> _What this task involves_
In the data below, which lines contain "Stock"? List them by copying each one.
Top of Provided data
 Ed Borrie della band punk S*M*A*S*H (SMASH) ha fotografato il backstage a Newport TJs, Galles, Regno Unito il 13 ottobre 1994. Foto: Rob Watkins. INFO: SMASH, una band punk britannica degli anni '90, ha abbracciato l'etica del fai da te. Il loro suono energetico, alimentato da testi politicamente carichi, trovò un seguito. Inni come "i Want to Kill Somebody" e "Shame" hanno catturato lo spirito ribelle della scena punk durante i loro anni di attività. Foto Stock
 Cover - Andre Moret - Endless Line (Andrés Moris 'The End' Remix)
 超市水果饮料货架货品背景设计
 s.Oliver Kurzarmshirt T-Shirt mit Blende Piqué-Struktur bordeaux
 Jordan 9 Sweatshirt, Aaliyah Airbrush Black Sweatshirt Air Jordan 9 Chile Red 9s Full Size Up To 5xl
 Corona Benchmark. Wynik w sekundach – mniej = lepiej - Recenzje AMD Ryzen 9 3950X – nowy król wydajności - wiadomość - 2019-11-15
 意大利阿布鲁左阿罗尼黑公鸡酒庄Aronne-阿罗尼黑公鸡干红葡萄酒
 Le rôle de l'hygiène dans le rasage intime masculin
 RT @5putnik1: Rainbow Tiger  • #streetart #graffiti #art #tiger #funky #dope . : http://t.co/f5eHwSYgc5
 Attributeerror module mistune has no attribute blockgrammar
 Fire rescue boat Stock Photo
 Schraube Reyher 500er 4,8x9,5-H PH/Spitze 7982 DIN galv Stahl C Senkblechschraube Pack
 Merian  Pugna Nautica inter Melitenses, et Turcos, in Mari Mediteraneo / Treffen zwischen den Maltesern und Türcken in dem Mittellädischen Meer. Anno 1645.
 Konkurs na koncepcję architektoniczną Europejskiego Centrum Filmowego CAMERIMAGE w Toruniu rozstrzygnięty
Bottom of Provided data
> _Finished exercise_
 Ed Borrie della band punk S*M*A*S*H (SMASH) ha fotografato il backstage a Newport TJs, Galles, Regno Unito il 13 ottobre 1994. Foto: Rob Watkins. INFO: SMASH, una band punk britannica degli anni '90, ha abbracciato l'etica del fai da te. Il loro suono energetico, alimentato da testi politicamente carichi, trovò un seguito. Inni come "i Want to Kill Somebody" e "Shame" hanno catturato lo spirito ribelle della scena punk durante i loro anni di attività. Foto Stock
 Fire rescue boat Stock Photo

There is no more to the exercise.